When My Beautiful Laundrette burst on to the big screen almost 40 years ago, it was an invigorating and influential cinematic moment.

Hanif Kureshi’s debut (Oscar-nominated) screenplay plunged audiences into a world where realism and fantasy were tumbled together in a story of love, ambition, loyalty and duty in mid-80s ‘Thatcher’s’ Britain.

It put same-sex and interracial relationships in the spotlight. And along the way, it also made a star of a young Daniel Day-Lewis.

Race, class, equality, sexuality, nationalism, politics, identity and belonging – the film’s heavyweight, and heady, mix of themes are revisited in Kureshi’s own stage adaptation being toured this spring by Theatre Nation Partnership and Leicester Curve.

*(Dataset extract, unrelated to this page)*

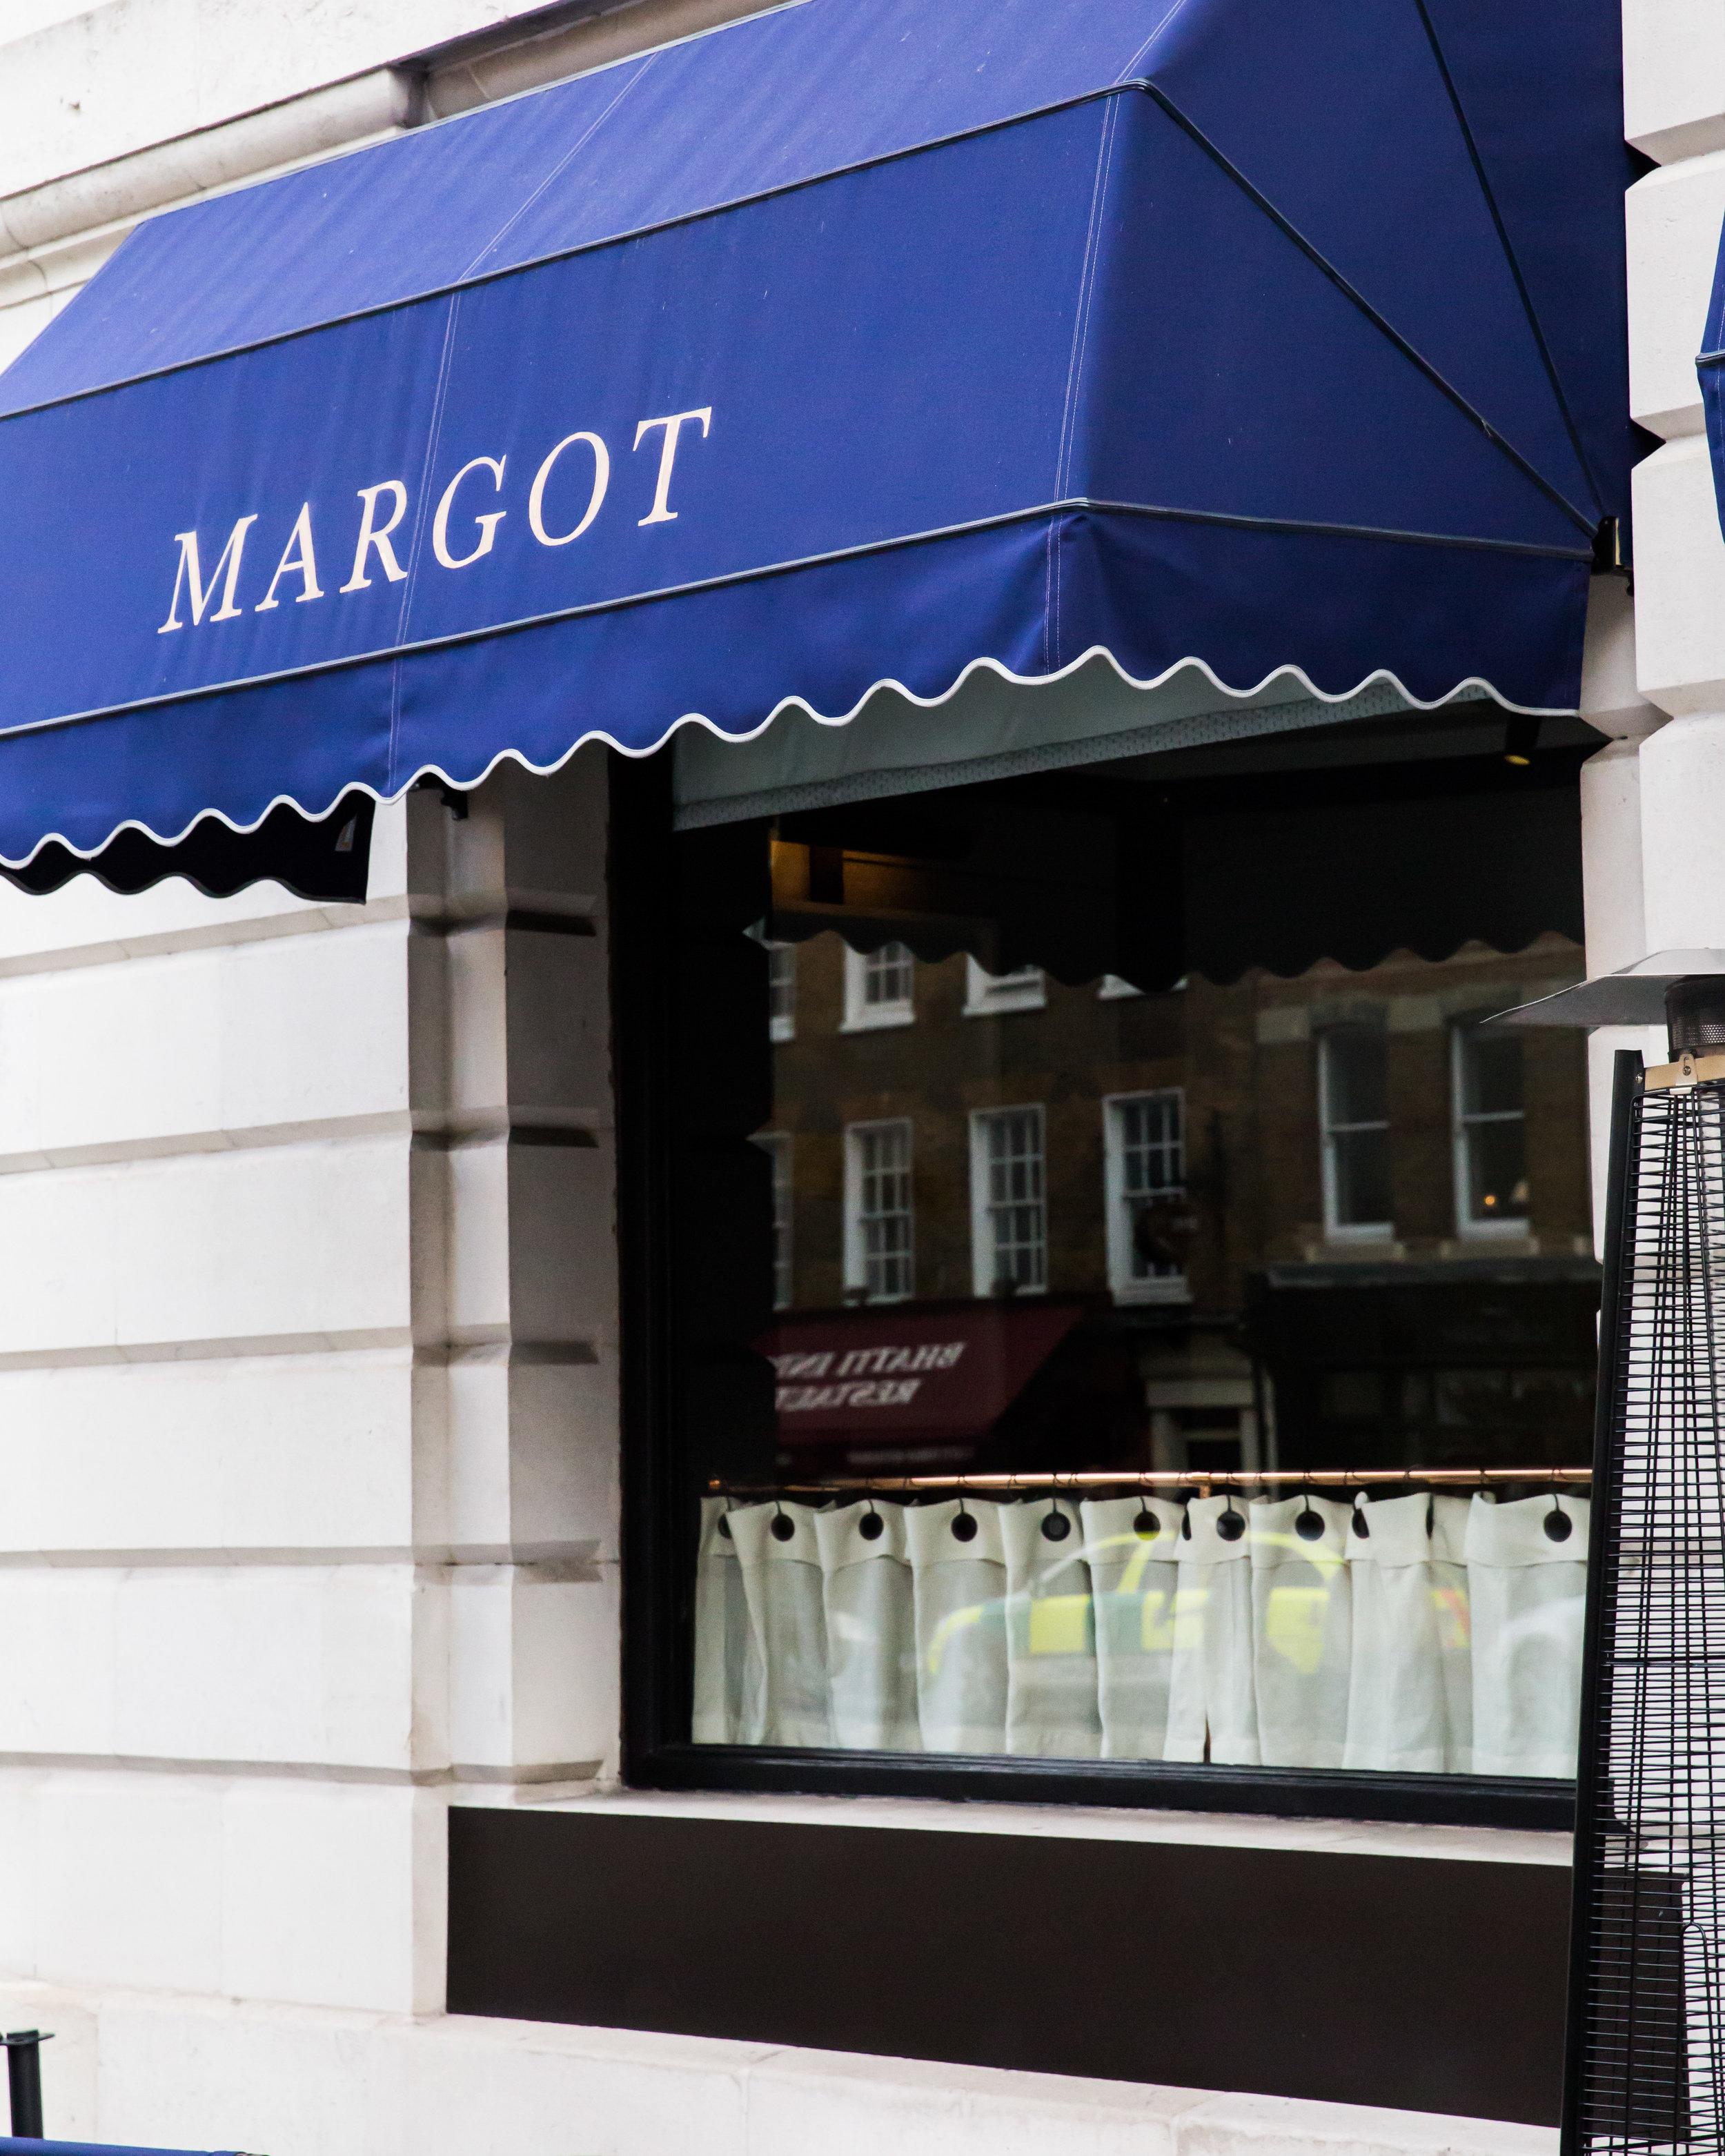 MARGOT-8955.jpg
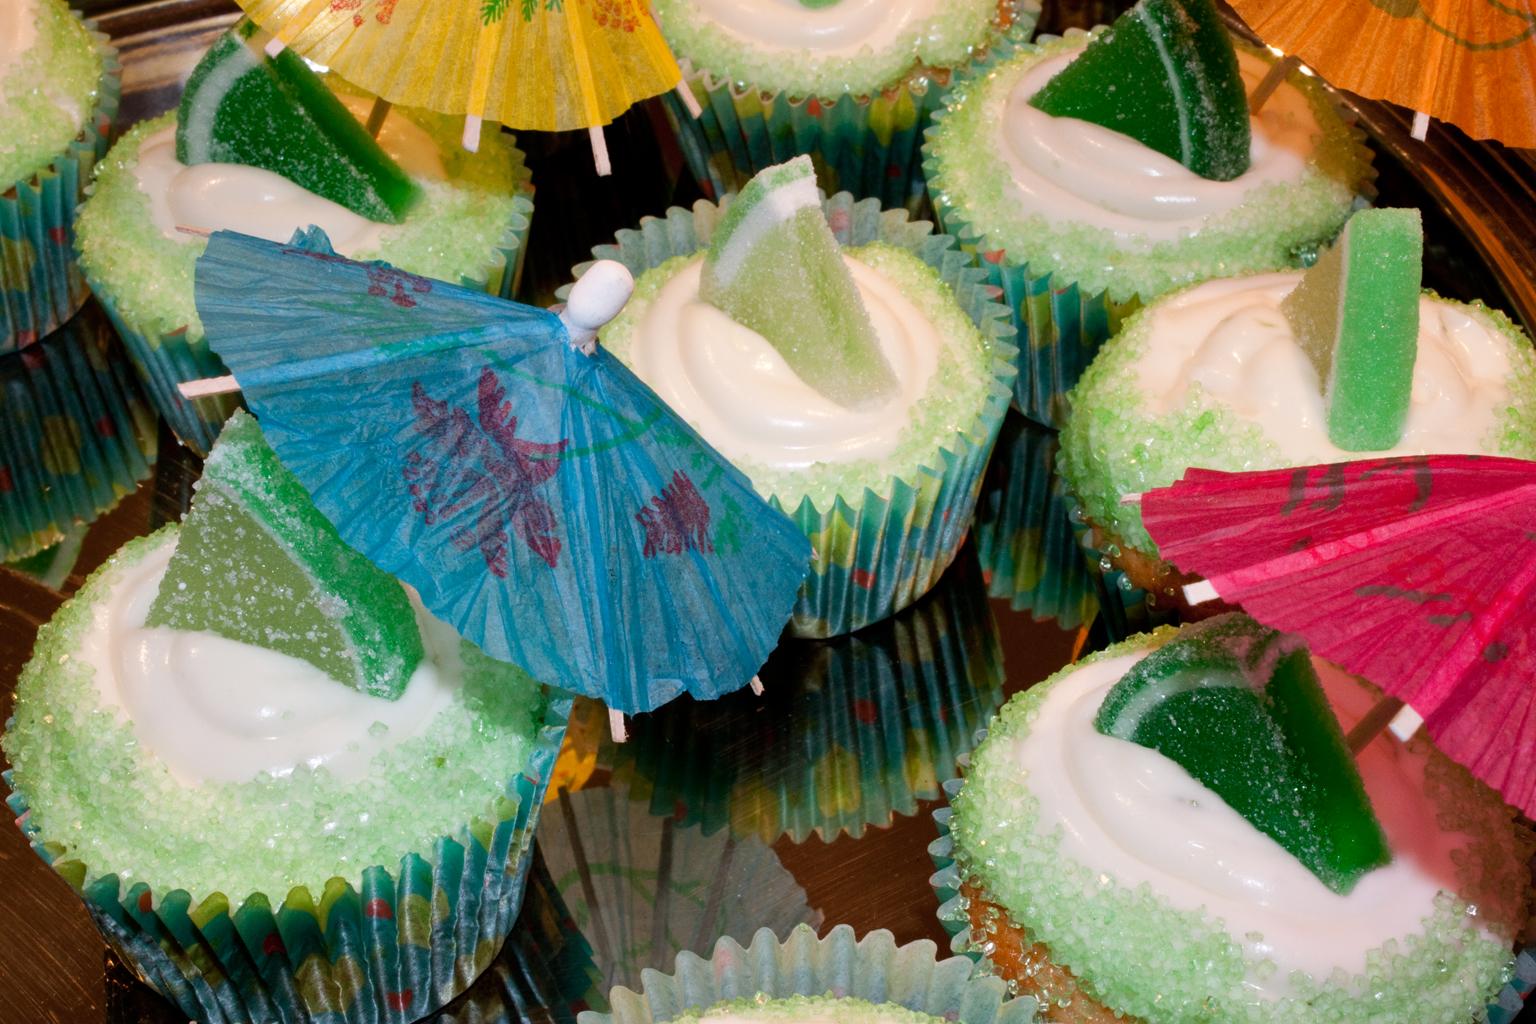 mrgarita cupcakes with parasols

And while the story remains set in the 1980s, some of those themes remain acutely pertinent in 2024.

Young British Pakistani Omar (Lucca Chadwick-Patel) is sent to work for his wily entrepreneurial uncle Nasser by his alcoholic Papa (Gordon Warnecke, who played Omar in the 1985 film), where hard-work and ambition soon see him ‘promoted’ to run a failing laundrette south of the river, despite the misgivings of Nasser’s cynical right-hand man and putative heir Salim (a vivid performance from Hareet Deol).

Omar, bright-eyed, bushy tailed but also, it transpires, morally flexible when it comes to getting ahead, determines to make the newly renamed Powders a ritzy success and enlists the help of his old schoolmate Johnny (Sam Mitchell) who has fallen in with a violent, volatile nationalist crowd.

The personal and professional become intertwined as Omar and Johnny embark on a passionate (but secret) relationship, one which blossoms in the face of hostile societal and cultural expectations.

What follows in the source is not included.